Yelp, can't beat the convenience of gas. The thing is concerning wood chips is my wife doesn't like the taste of overly smoked meat. Kinda an oxymoron to me to like ribs, BBQ, and grilled food without the real wood smoked flavor. Anyway I cook both ways and try not to overdo the smoke. My favorite is my Ugly Drum Smoker for slow cooks and she's OK with Boston Butts cooked on it. 
I'll mostly use the gas Weber for hamburgers, chicken wings, etc. and Blackened chicken cooked on a griddle.


----------



## Paymaster

I have used both and I really don't know which is better but, the bars rusting and burning out is a hassle. If you can make rocks work, then I would use rock.


----------



## Artfuldodger

I read a few more discussions on converting to rocks. Most people don't cover the burners with metal tents/deflectors in the conversion. They say the rocks will cover the burners. Of course you do have to have a grate to put your rocks on. I prefer the ceramic tiles to the rocks. I found these tips:

The bottom of the rock grate should be about 1" above the burners but anywhere between 3/4" to 2" can work. There should be a 3" to 4" gap between the rock grate and the cooking grids, which allows for about 2" inches of rocks and some air space under the cooking grid. If you don't have enough space for the lava rock, perhaps ceramic briquettes, which typically sit lower than lava rocks,  will be a better solution.

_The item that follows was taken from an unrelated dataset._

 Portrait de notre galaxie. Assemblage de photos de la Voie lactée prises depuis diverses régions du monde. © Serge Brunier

http://www.clagrills.com/grillpartshelp/faq/can-i-convert-my-grill-to-lava-rock.htm


----------



## Oldstick

I got the same bright idea recently myself, but really haven't used it enough to say how well it works.  Was trying to fix up a four burner grill.

If you mean the white ceramic squares with the little grid holes, I tried those before and seems like they didn't last long before crumbling to pieces.

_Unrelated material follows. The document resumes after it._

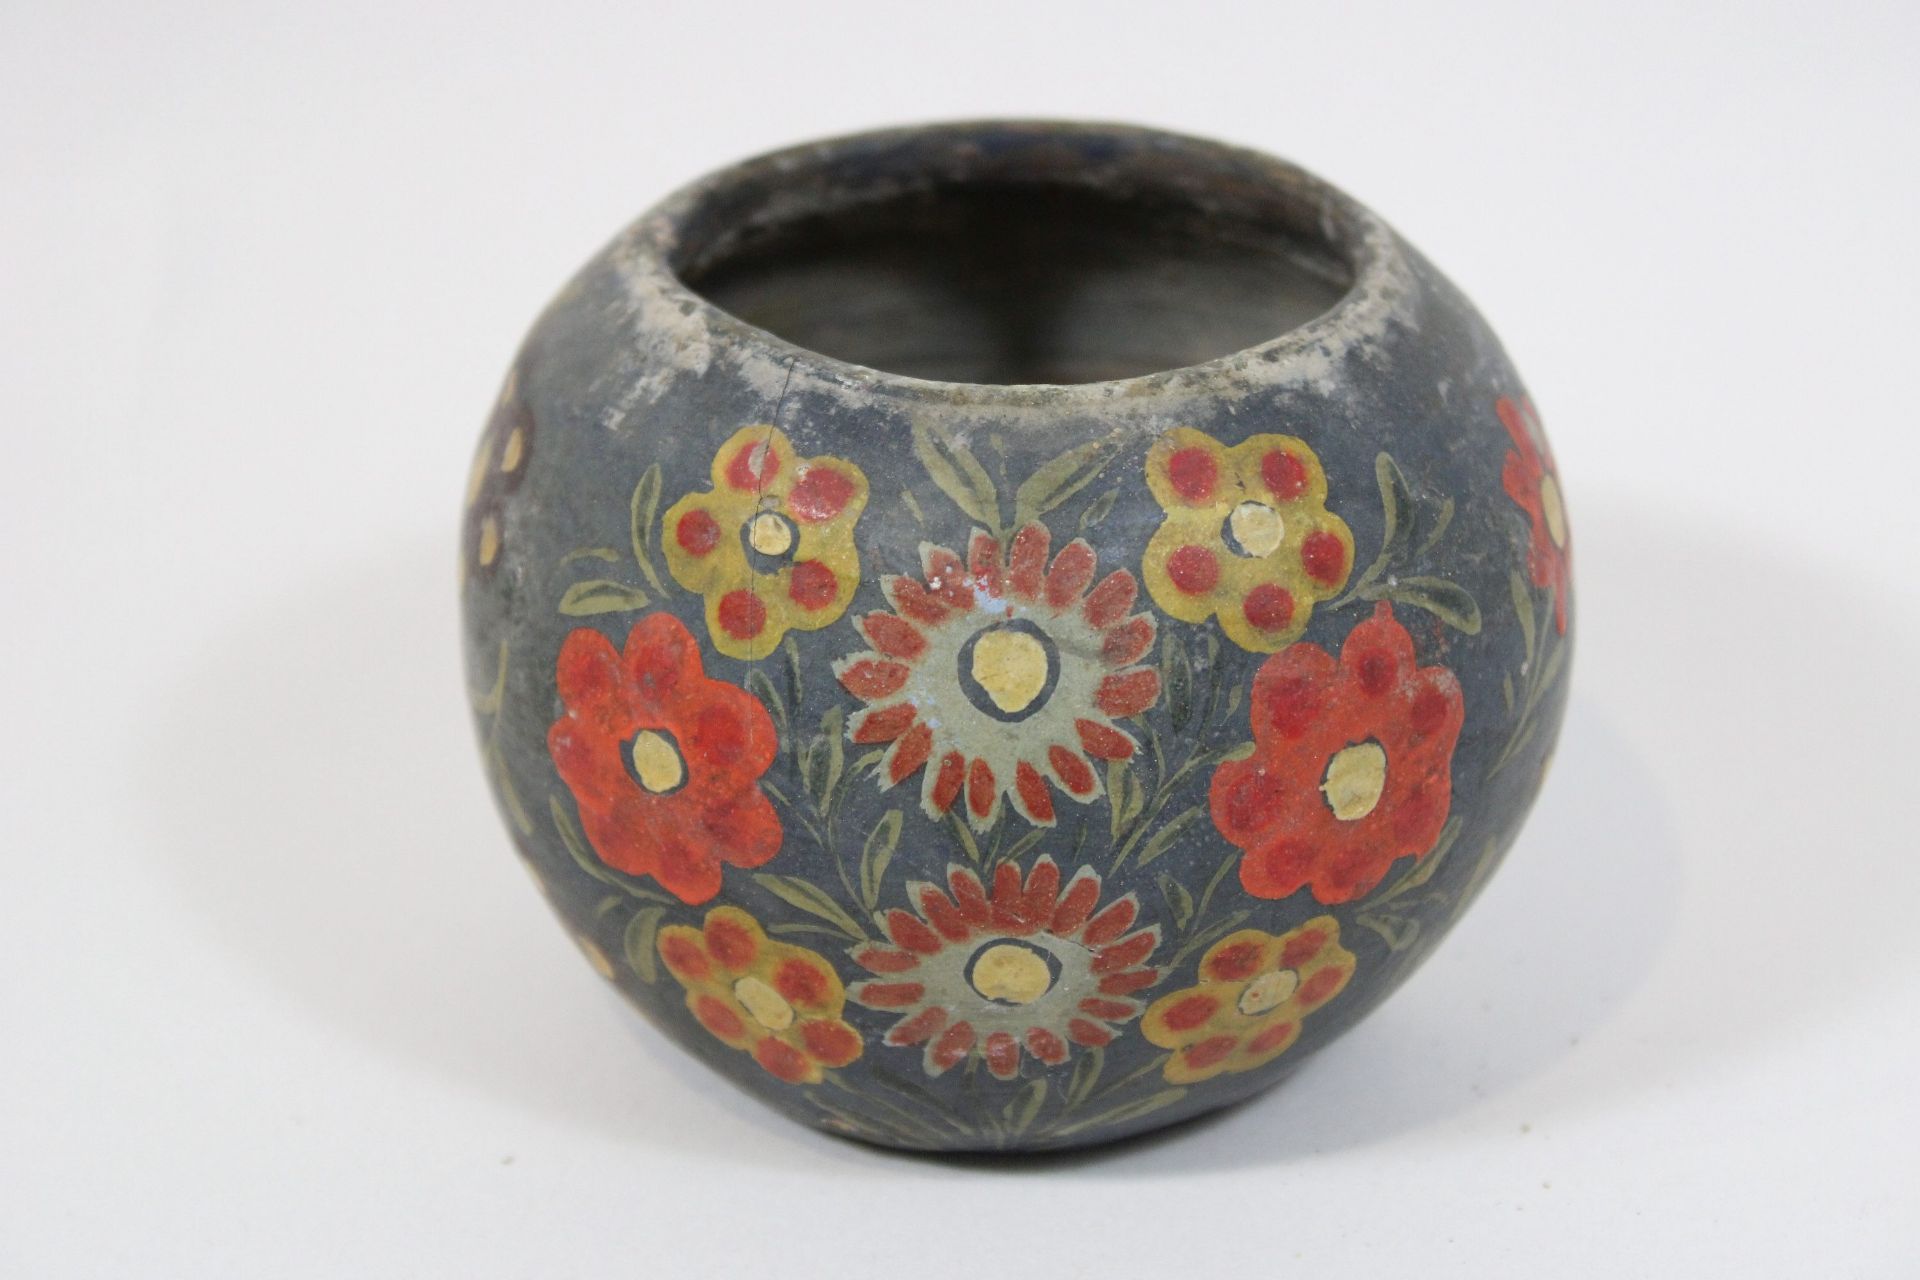 Bauchige Vase, persisch, 12.-14. Jh.

This time I got a couple of the universal small metal grates from Walmart and layed them across where the metal hats used to rest. Then I put small (6inch?) floor tiles directly over the burners.  Don't know if it was necessary but I filled the space between the tile rows with some extra lava rocks I had.

The tiles might crack too or for all I know they contain some sort of poison.  If they don't heat through to the cooking side, then I have turned it into basically a gas oven.  I did leave the two outer most burners largely uncovered for the purposes of heating wood chips (on foil) or to get more direct heat if needed.

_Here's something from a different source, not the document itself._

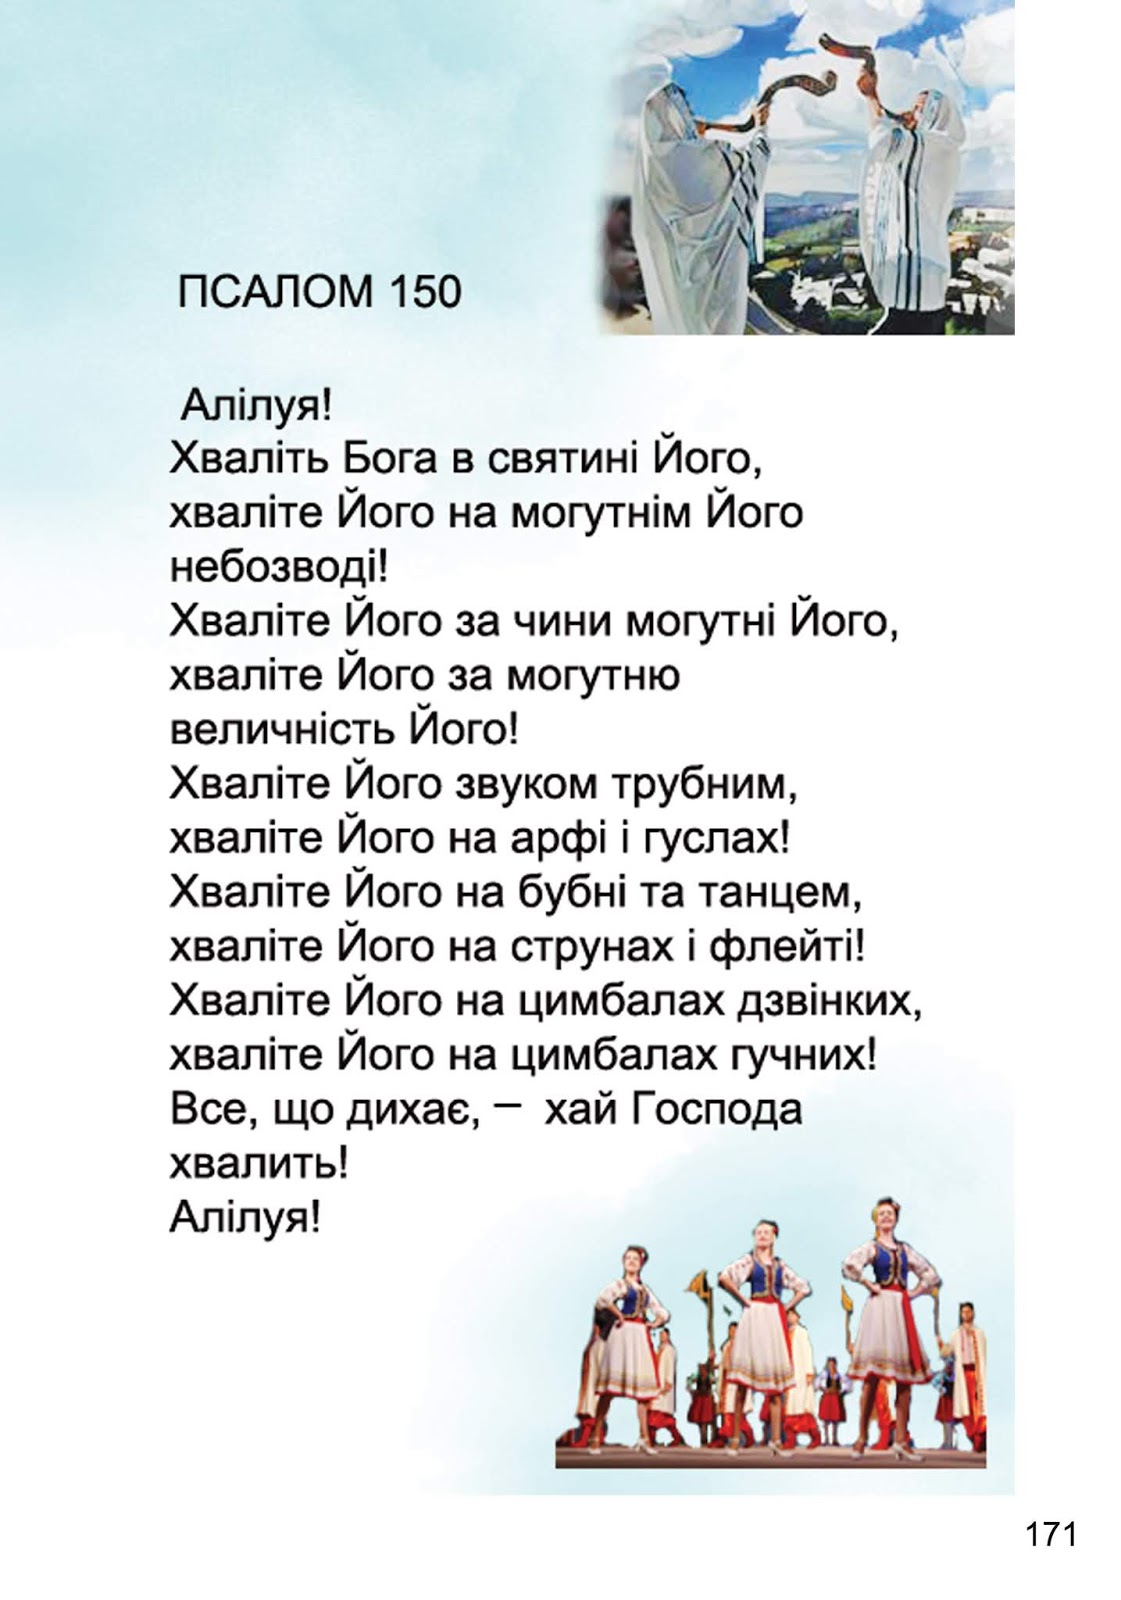 Псалом 150 читать. Псалом 150. Псалом 150 на русском. Псалом 150 на русском читать. 150 Псалом текст на русском языке читать.

I just need to experiment with it some to see how it works.


----------



## Artfuldodger

Those white ceramic squares with the little grid holes don't last long. They pop little chunks off the tiles as they heat up too. I might just use lava rocks. 
On one grill I converted, I layed pieces of 1" angle iron upside down and placed lava rocks on top of the angle iron. I had more clearance on that grill. On another conversion I layed a piece of expanded metal and placed the white ceramic squares with the little grid holes on the expanded metal. The reason I used the tiles is because I didn't have the clearance needed. Even with the tiles there was only about two inches between the tiles and the cooking grid.


----------



## Doc_5729

I have two Weber gas grills and a Weber Kettle. The oldest I have had since 1999. (My father in law used it for two years prior to me.) Like you, the second came from a curb. Had a leaky gas hose that a 30 cent hose clamp fixed. I've never had to replace the bars until this summer. The secret is keeping the build up off and keeping them clean.

I've never replaced a burner in either. The bars are designed to keep grease and salty drippings away from the burners so they serve two purposes.

Having said that, a close friend also has two Weber gas grills (both from the curb) and he did put rocks in one. He removed the top (short) bars and laid the rack on top of the bottom bars. That provided ample space between the burners and the rocks. Couldn't really tell any difference in the way it cooked or the flavor.

Those bar kits are cheap now at Lowe's and Home Depot. 

Smoke flavors? The wood chip boxes are great for additional smoke flavors. Short smoke times without over powering the meat or veggies.  fwiw -The cast iron grates are ok too.

Weber grills rock and last a lifetime if cared for properly.


----------



## Doc_5729

Browning Slayer said:


> Nothing wrong with Gas! It's quick, easy and it sure as heck beats an Oven!
> 
> I personally don't use rocks on a gas grill. They cook the food pretty fast..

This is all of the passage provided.